测试方法可采用化学分析方法和仪器分析方法。
这些方法各有特点,同一测试方法可用于不同的检测项目,但验证内容可不相同。
(三)验证内容验证内容包括方法的专属性、线性、范围、准确度、精密度、检测限、定量限、耐用性和系统适用性等。
四、方法验证的具体内容(一)专属性专属性系指在其他成分(如杂质、降解物、辅料等)可能存在下,采用的分析方法能够正确鉴定、检出被分析物质的特性。
通常,鉴别、杂质检查、含量测定方法中均应考察其专属性。
如采用的方法不够专属,应采用多个方法予以补充。
1、鉴别反应鉴别试验应确证被分析物符合其特征。
专属性试验要求证明能与可能共存的物质或结构相似化合物区分,需确证含被分析物的供试品呈正反应,而不含被测成分的阴性对照呈负反应,结构相似或组分中的有关化合物也应呈负反应。
2、杂质检查作为纯度检查,所采用的分析方法应确保可检出被分析物中杂质的含量,如有关物质、重金属、有机溶剂等。
因此杂质检查要求分析方法有一定的专属性。
在杂质可获得的情况下,可向供试品中加入一定量的杂质,证明杂质与共存物质能得到分离和检出,并具适当的准确度与精密度。
在杂质或降解产物不能获得的情况下,专属性可通过与另一种已证明合理但分离或检测原理不同、或具较强分辨能力的方法进行结果比较来确定。
或将供试品用强光照射,高温,高湿,酸、碱水解及氧化的方法进行破坏(制剂应考虑辅料的影响),比较破坏前后检出的杂质个数和量。
必要时可采用二极管阵列检测和质谱检测,进行色谱峰纯度检查。
3、含量测定含量测定目的是得到供试品中被分析物的含量或效价的准确结果。
在杂质可获得的情况下,对于主成分含量测定可在供试品中加入杂质或辅料,考察测定结果是否受干扰,并与未加杂质和辅料的供试品比较测定结果。
在杂质或降解产物不能获得的情况下,可采用另一个经验证了的或药典方法进行比较,对比两种方法测定的结果。
也可采用破坏性试验(强光照射,高温,高湿,酸、碱水解及氧化),得到含有杂质或降解产物的试样,用两种方法进行含量测定,比较测定结果。
必要时进行色谱峰纯度检查,证明含量测定成分的色谱峰中不包含其他成分。
(二)线性线性系指在设计的测定范围内,检测结果与供试品中被分析物的浓度(量)直接呈线性关系的程度。
线性是定量测定的基础,涉及定量测定的项目,如杂质定量试验和含量测定均需要验证线性。
应在设计的测定范围内测定线性关系。
可用一贮备液经精密稀释,或分别精密称样,制备一系列被测物质浓度系列进行测定,至少制备5个浓度。

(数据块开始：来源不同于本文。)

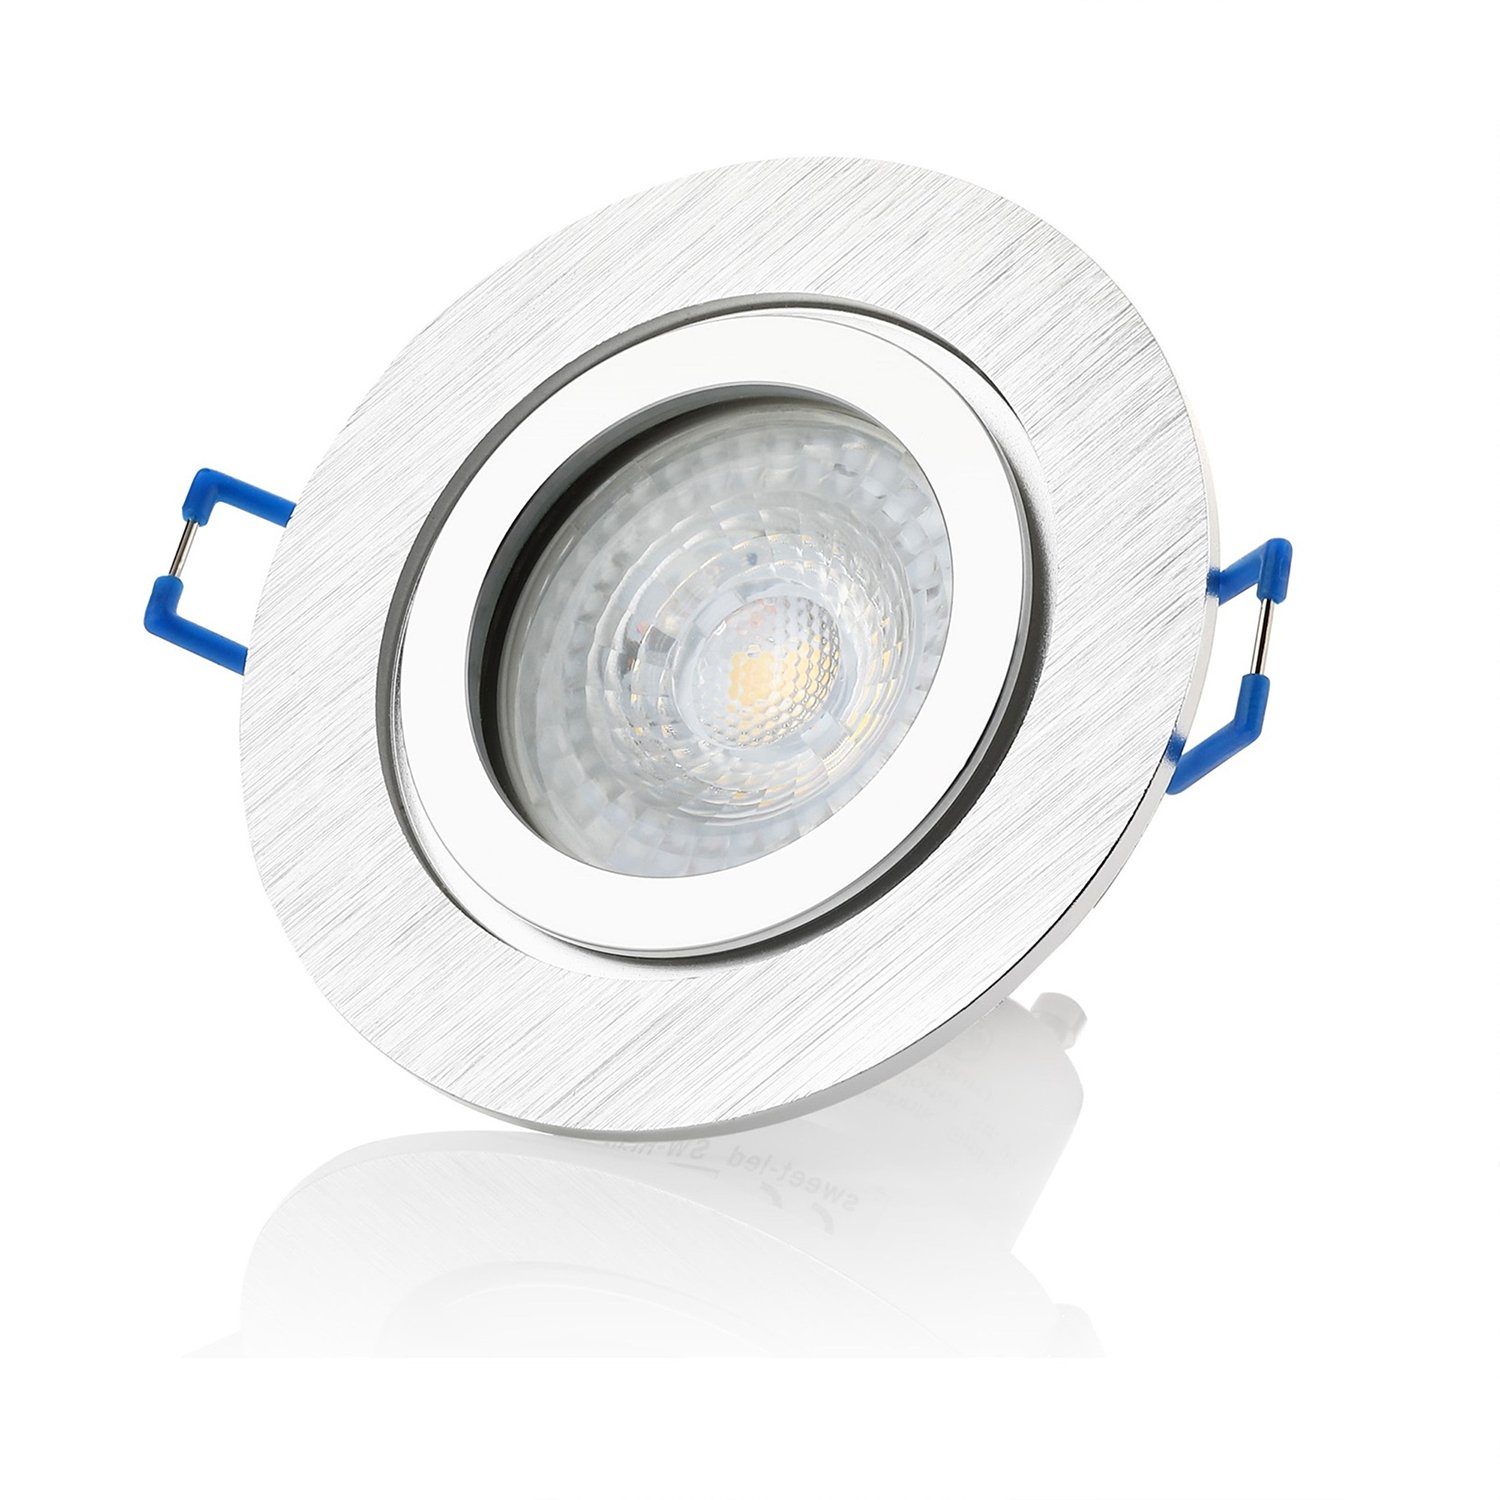 Sweet LED LED Einbaustrahler spots Deckenstrahler,Einbauleuchten IP44 badezimmer - warmweiß, Aluminium Bad GU10 3000K wechselbar, Leuchtmittel stück, 6 Deckenspots, 7W

以测得的响应信号作为被测物浓度的函数作图,观察是否呈线性,用最小二乘法进行线性回归。
必要时,响应信号可经数学转换,再进行线性回归计算,并说明依据。
(三)范围范围系指能够达到一定的准确度、精密度和线性,测试方法适用的试样中被分析物高低限浓度或量的区间。
范围是规定值,在试验研究开始前应确定验证的范围和试验方法。
可以采用符合要求的原料药配制成不同的浓度,按照相应的测定方法进行试验。
范围通常用与分析方法的测试结果相同的单位(如百分浓度)表达。
涉及到定量测定的检测项目均需要对范围进行验证,如含量测定、含量均匀度、溶出度或释放度、杂质定量试验等。
范围应根据剂型和(或)检测项目的要求确定。
1、含量测定范围应为测试浓度的80%~100%或更宽。
2、制剂含量均匀度范围应为测试浓度的70%~130%。
根据剂型特点,如气雾剂、喷雾剂,必要时,范围可适当放宽。
3、溶出度或释放度对于溶出度,范围应为限度的±20%;如规定限度范围,则应为下限的-20%至上限的+20%。
对于释放度,如规定限度范围为,从1小时后为20%至24小时后为90%,则验证范围应为0~110%。
4、杂质杂质测定时,范围应根据初步实测结果,拟订出规定限度的±20%。
如果含量测定与杂质检查同时测定,用面积归一化法,则线性范围应为杂质规定限度的-20%至含量限度(或上限)的+20%。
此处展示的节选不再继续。